On Saturday, Egyptian authorities decided to extend his detention for a period of 45 days.
Al Jazeera has condemned the repeated renewals of his detention, denies all the allegations against him and calls for his immediate and unconditional release.
Human rights and press freedom organisations have also condemned Hussein’s detention, with his family saying the 51-year-old is suffering from poor health after not receiving proper medical attention since breaking his arm.
Media crackdown
Over the past few years, Egyptian authorities have arrested several Al Jazeera employees, raising grave concerns over media freedoms in the country.
In May 2016, a Cairo court sentenced a former editor-in-chief of Al Jazeera Arabic, Ibrahim Helal, to death, charging him in absentia with endangering national security.

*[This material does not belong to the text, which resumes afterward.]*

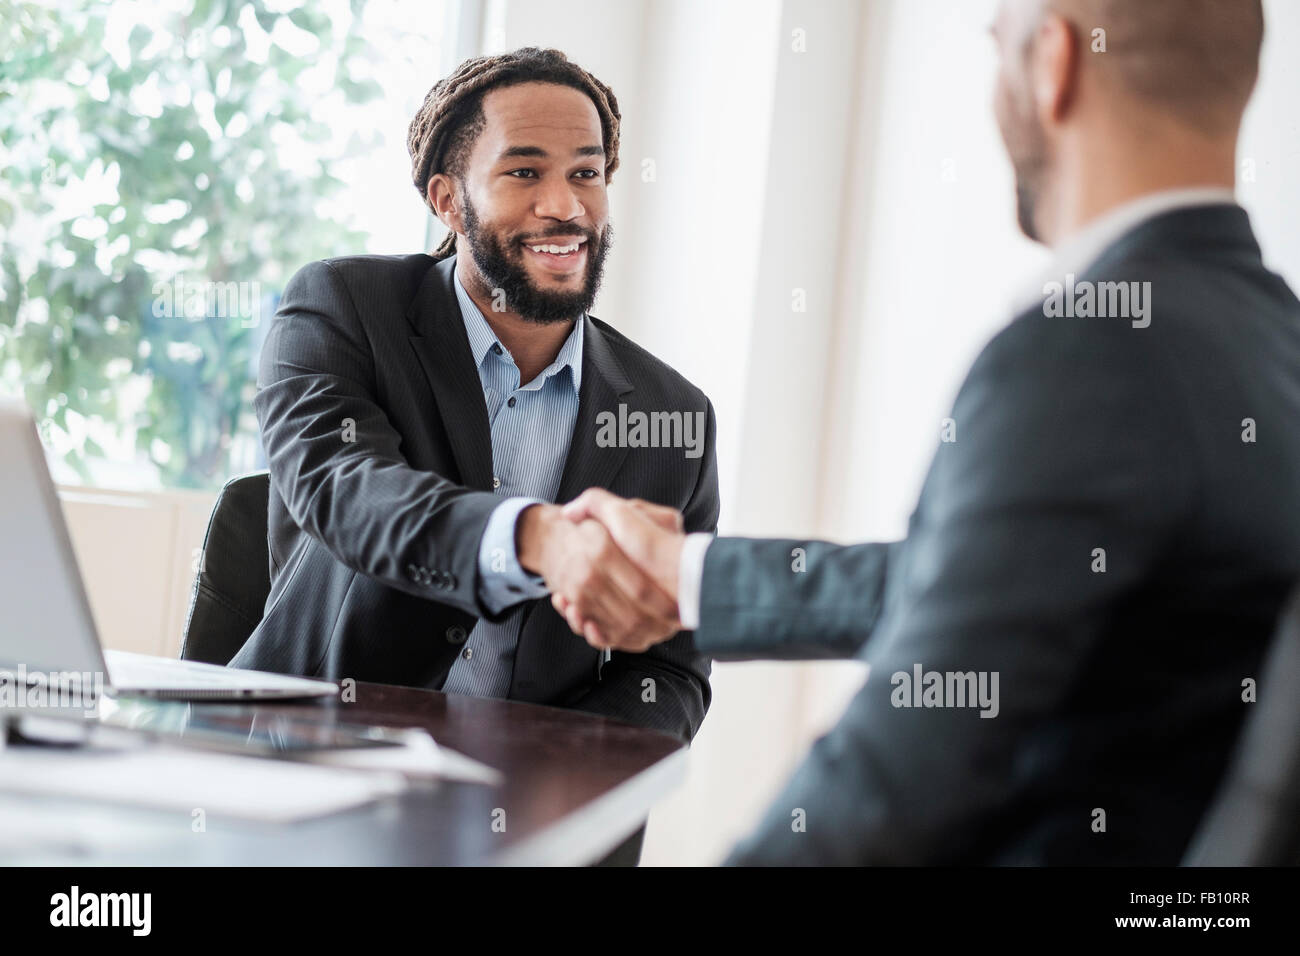 Smiling businessmen shaking hands in office Banque D'Images

Al Jazeera’s Baher Mohamed, Mohamed Fahmy and Peter Greste – along with seven colleagues outside the country – were accused of spreading “false news” during their coverage in the aftermath of the military overthrow of then-president Mohamed Morsi in 2013, the year they were taken into custody.
Mohamed and Fahmy spent 437 days in jail before being released, while Greste spent more than a year in prison.
The judge who sentenced the journalists said they were brought together “by the devil” to destabilise the country.
According to the Committee to Protect Journalists, Egypt ranks third worldwide among nations jailing media workers – having locked up 20 in 2017.